• Data records:

****************

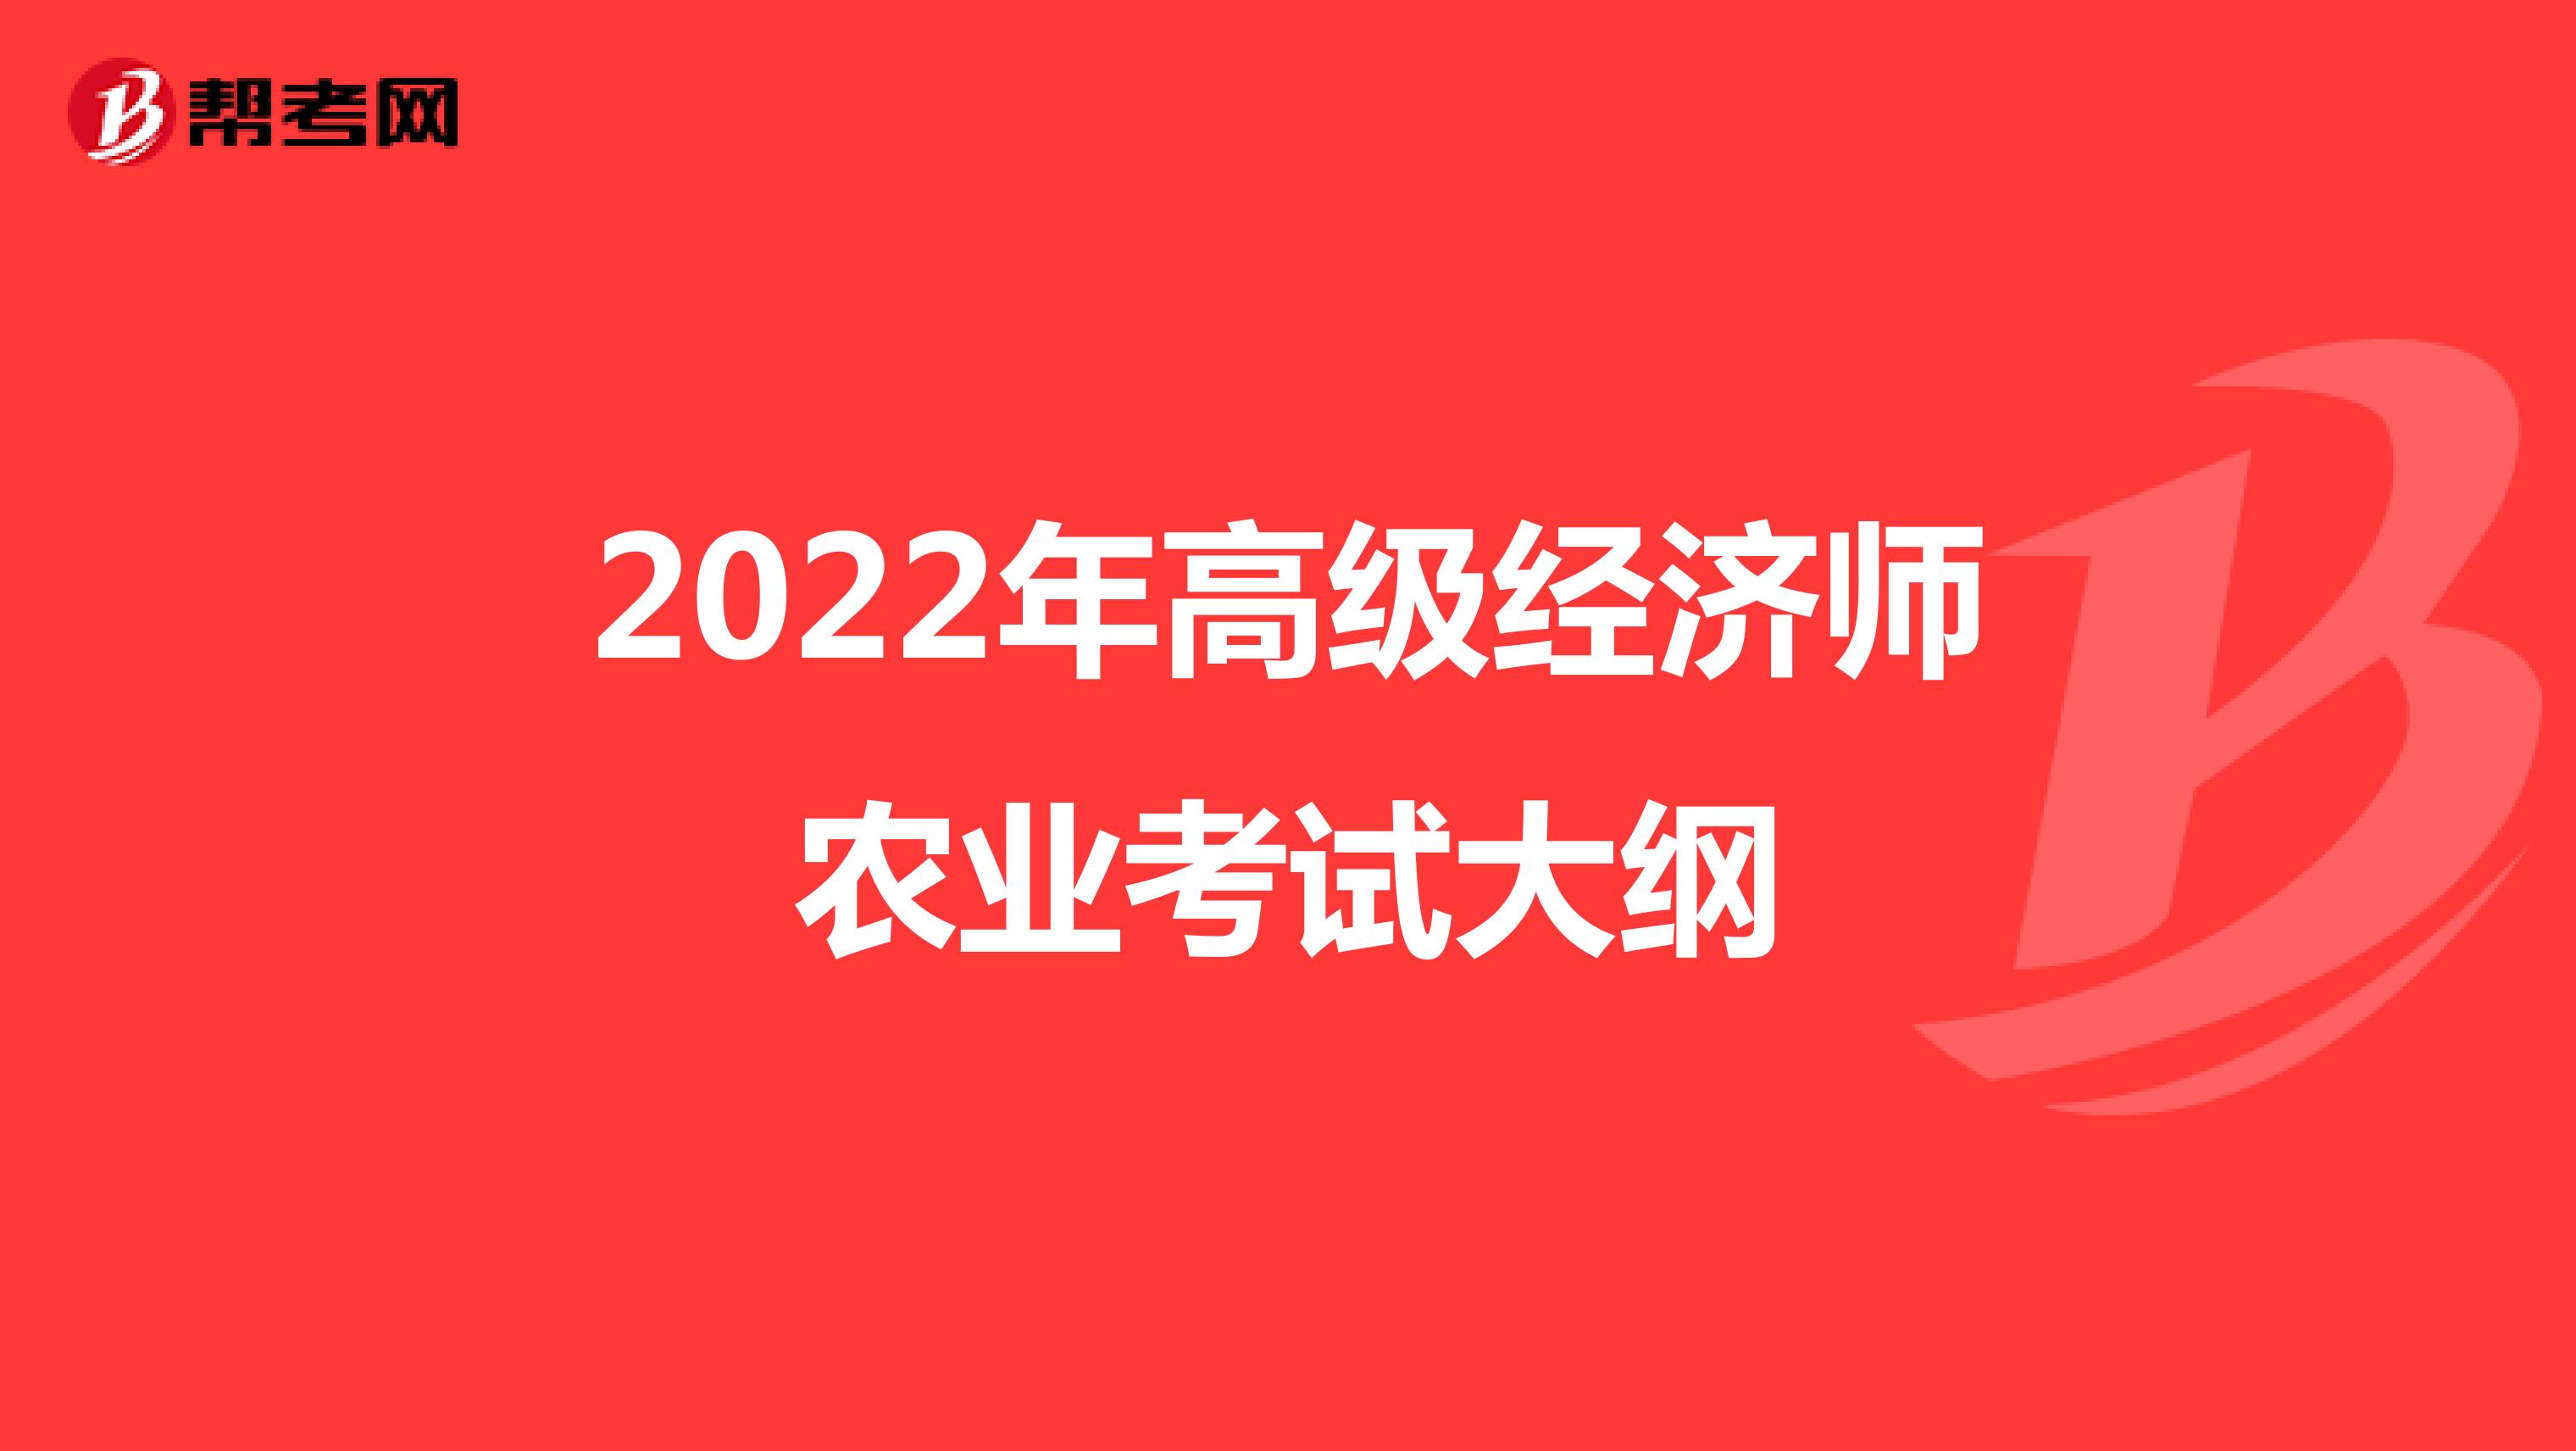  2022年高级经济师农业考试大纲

****************

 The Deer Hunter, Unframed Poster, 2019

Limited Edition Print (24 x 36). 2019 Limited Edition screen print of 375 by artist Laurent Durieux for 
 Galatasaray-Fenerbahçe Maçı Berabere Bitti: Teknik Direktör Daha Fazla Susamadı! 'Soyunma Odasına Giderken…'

****************

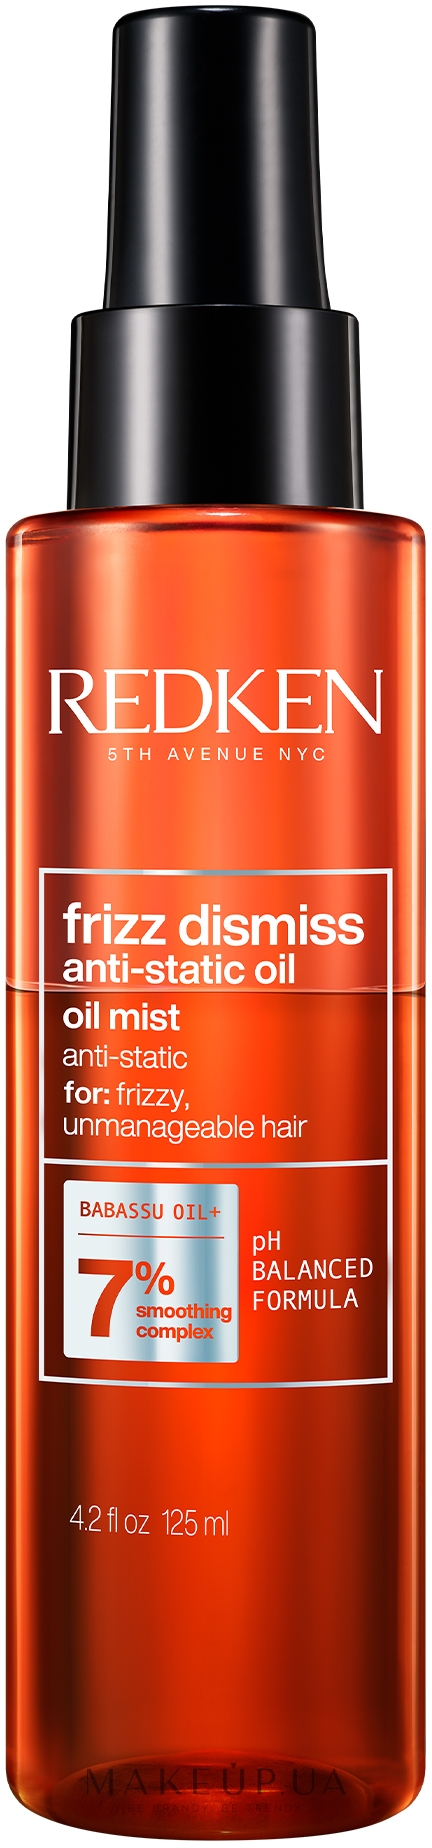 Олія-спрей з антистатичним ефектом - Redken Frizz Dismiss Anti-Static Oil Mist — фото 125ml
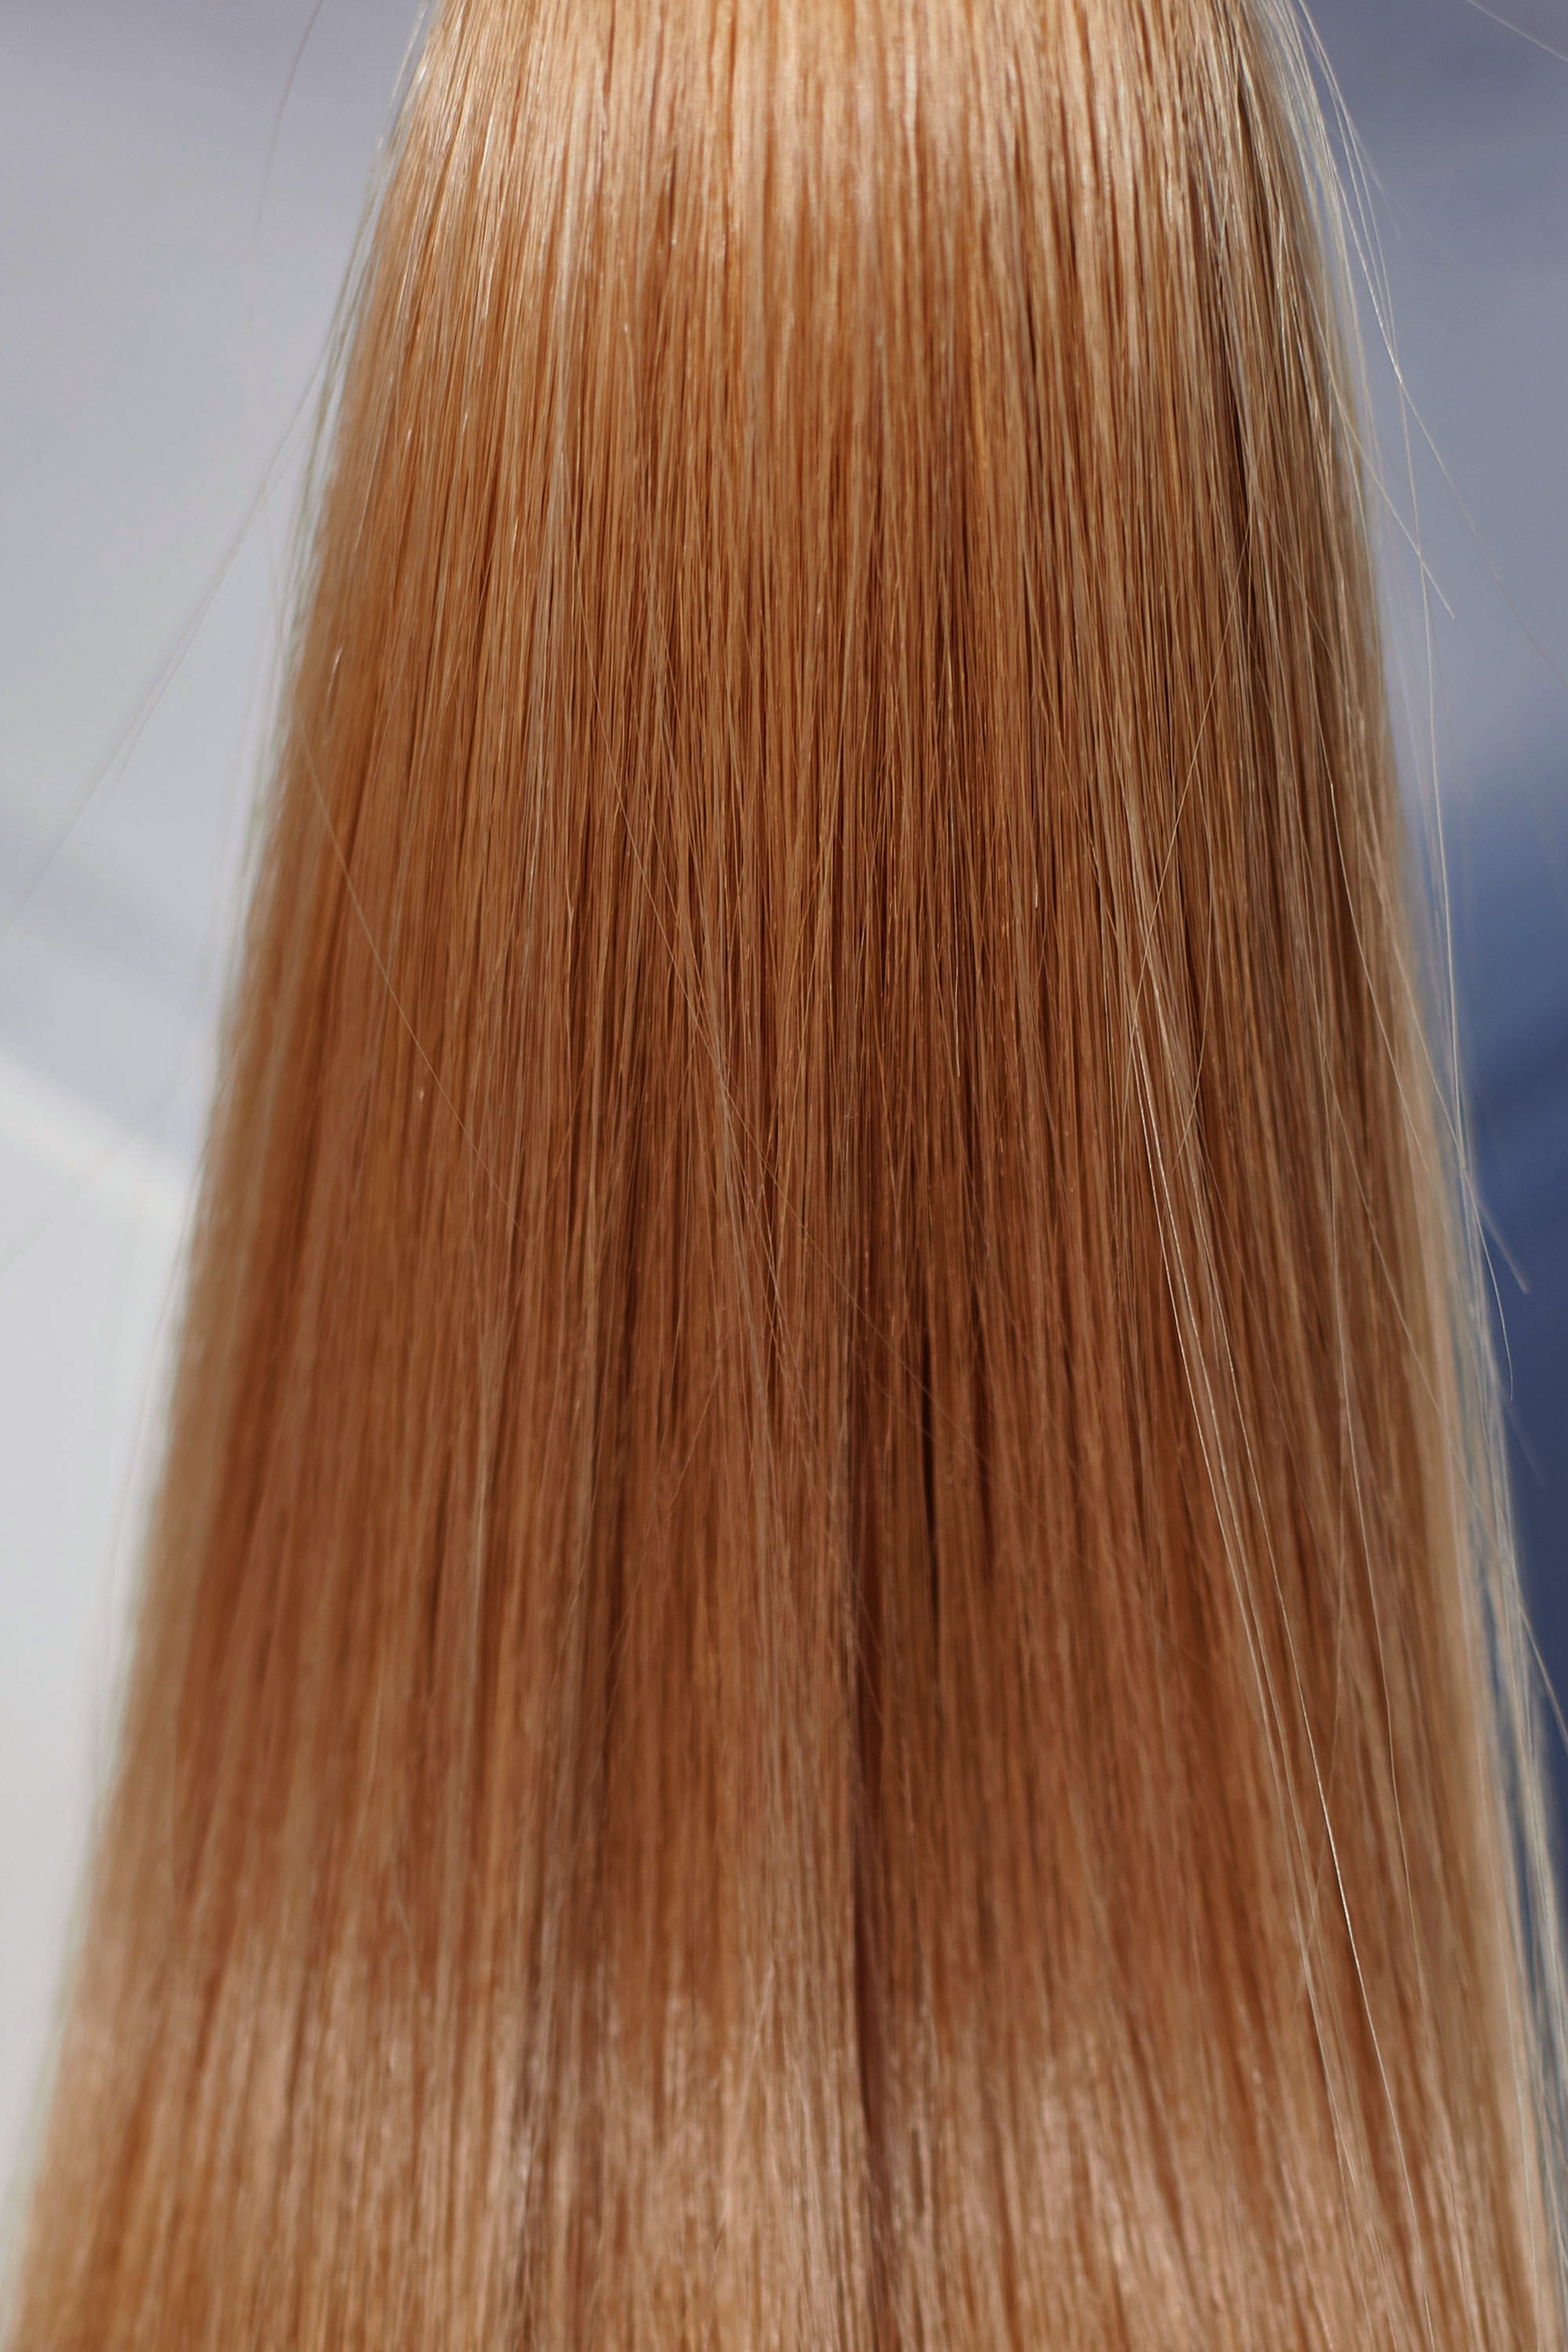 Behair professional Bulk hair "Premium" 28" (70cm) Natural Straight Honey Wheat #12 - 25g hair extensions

****************

Copy exactly the lines of the listing above between the one holding "Олія-спрей з антистатичним" and the one holding "Behair professional Bulk", inclusive; omit all pictures.

• Response for this exercise:
 Олія-спрей з антистатичним ефектом - Redken Frizz Dismiss Anti-Static Oil Mist — фото 125ml
 Behair professional Bulk hair "Premium" 28" (70cm) Natural Straight Honey Wheat #12 - 25g hair extensions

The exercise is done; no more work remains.